Awesome Lists containing this project

README

        

# Columbus City Government RSS Feeds

**→ [Download the CSV](./feeds.csv) ←**

**→ [Import the OPML](./subscriptions.opml) ←**

**What**: This repository contains a list of all RSS feeds maintained by the City of Columbus using the GovDelivery mailing list service.

**Why**: If you want to see what mailing lists are available. If you want to sign up for every single mailing list, in order to receive the full firehose of content. If you wished that Columbus did a better job of maintaining its website. If you want to have links to publicly-accessible webpages for the emails that Council sends.

**When**: See [the changelog](./changelog.md) for the date of the most-recent scrape, and other changes to this repository.

**How**: The US Coast Guard [published a helpful list of signup URLs and RSS feed URLs](https://www.navcen.uscg.gov/subscribe-email-rss-feeds) for their notices. I compared the two URLs and discovered that, In a signup URL like `https://public.govdelivery.com/accounts/USDHSCG/subscriber/new?topic_id=USDHSCG_65`, the topic ID `USDHSCG_65` is repeated in the RSS feed URL `https://public.govdelivery.com/topics/USDHSCG_65/feed.rss`.

Columbus' website frequently links to GovDelivery signup URLs. For example, [the City Council webpage](https://www.columbus.gov/council/) has a link to `https://public.govdelivery.com/accounts/OHCCC/subscriber/topics?qsp=OHCCC_1`, and searching `columbus.gov` using its search feature revealed several more. From this, I determined that Columbus' newsletters matched the Coast Guard's URL structure, and that Columbus' account ID was `OHCCC`. This string is also visible in the headers of GovDelivery emails as `X-Accountcode: OHCCC`.

[`feeds.csv`](./feeds.csv) is obtained by requesting all possible RSS feeds from 1 to 999 using [`scraper.bash`](./scraper.bash). The feeds are downloaded to the folder `./rss/`. To generate the CSV, [`parser.bash`](./parser.bash) reads all downloaded [RSS files](https://en.wikipedia.org/wiki/RSS) using [xq](https://www.ashbyhq.com/blog/engineering/jq-and-yq) to parse them for their title and other characteristics.

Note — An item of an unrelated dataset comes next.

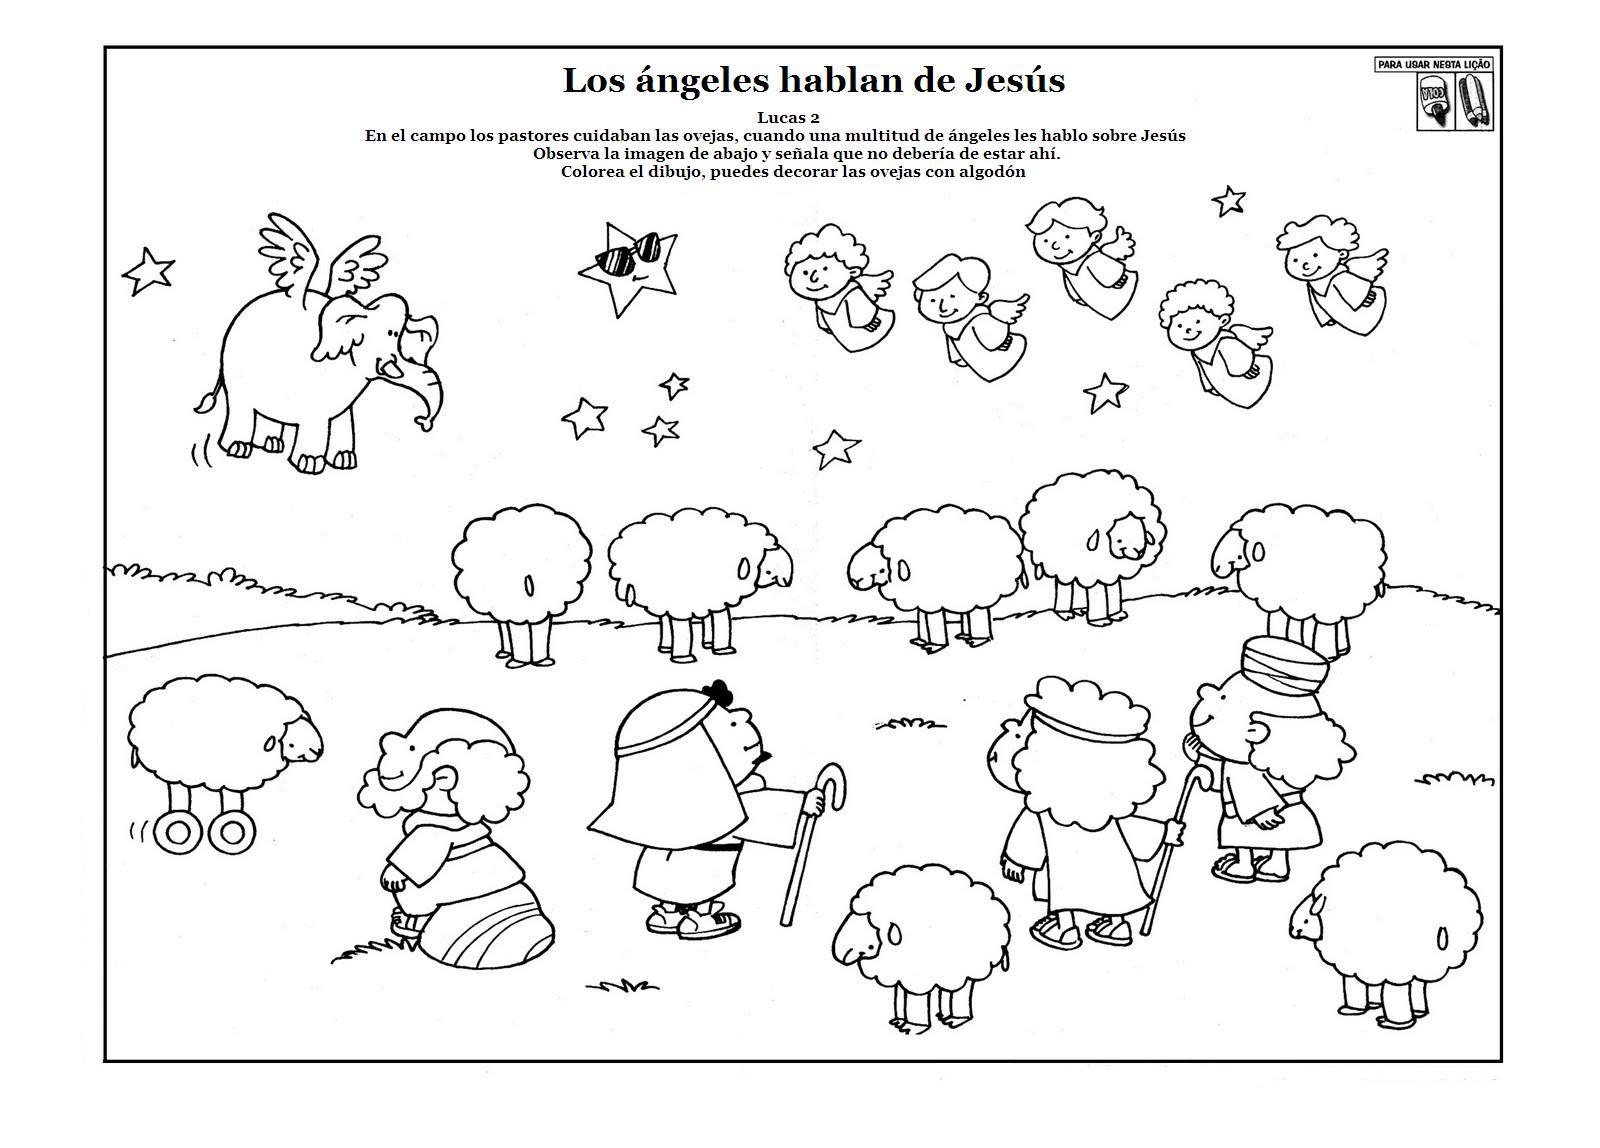 El Angel Que Anuncio El Nacimiento De Jesús A Los Pastores

The list is contained in `feeds.csv`, which is a [Comma-Separated Value](https://en.wikipedia.org/wiki/Comma-separated_values) file that you can open in a spreadsheet program such as Excel, Numbers, LibreOffice Calc, or Google Sheets. The data contains the following columns:

- Feed Number: This number, plus Columbus' GovDelivery account ID `OHCCC`, forms the basis of every newsletter list.
- Title: This is extracted from each RSS feed. It is the title of the RSS feed, and probably contains the title of the mailing list.
- Link: This is extracted from each RSS feed. It is the related website URL for the feed, although I note that most URLs are for the maximally-generic domain instead of the more-specific corner of the website.
- Description: This is extracted from each RSS feed. It is the feed's description of itself. I note that it is generally the same as the title.
- Feed URL: This is generated from the ID. It is identical to the URL that was scraped to acquire the feed.
- Newsletter Signup URL: This is generated from the ID. I haven't checked to see if all of these actually have signup pages.
- Most-Recent Date: This is extracted from the RSS feed's first feed item, if it exists. Not all feeds have feed items; not all feed ``s always have dates. (Or my parser is wrong. Feel free to suggest a fix.)
- Number of items: This is how many items are in the feed.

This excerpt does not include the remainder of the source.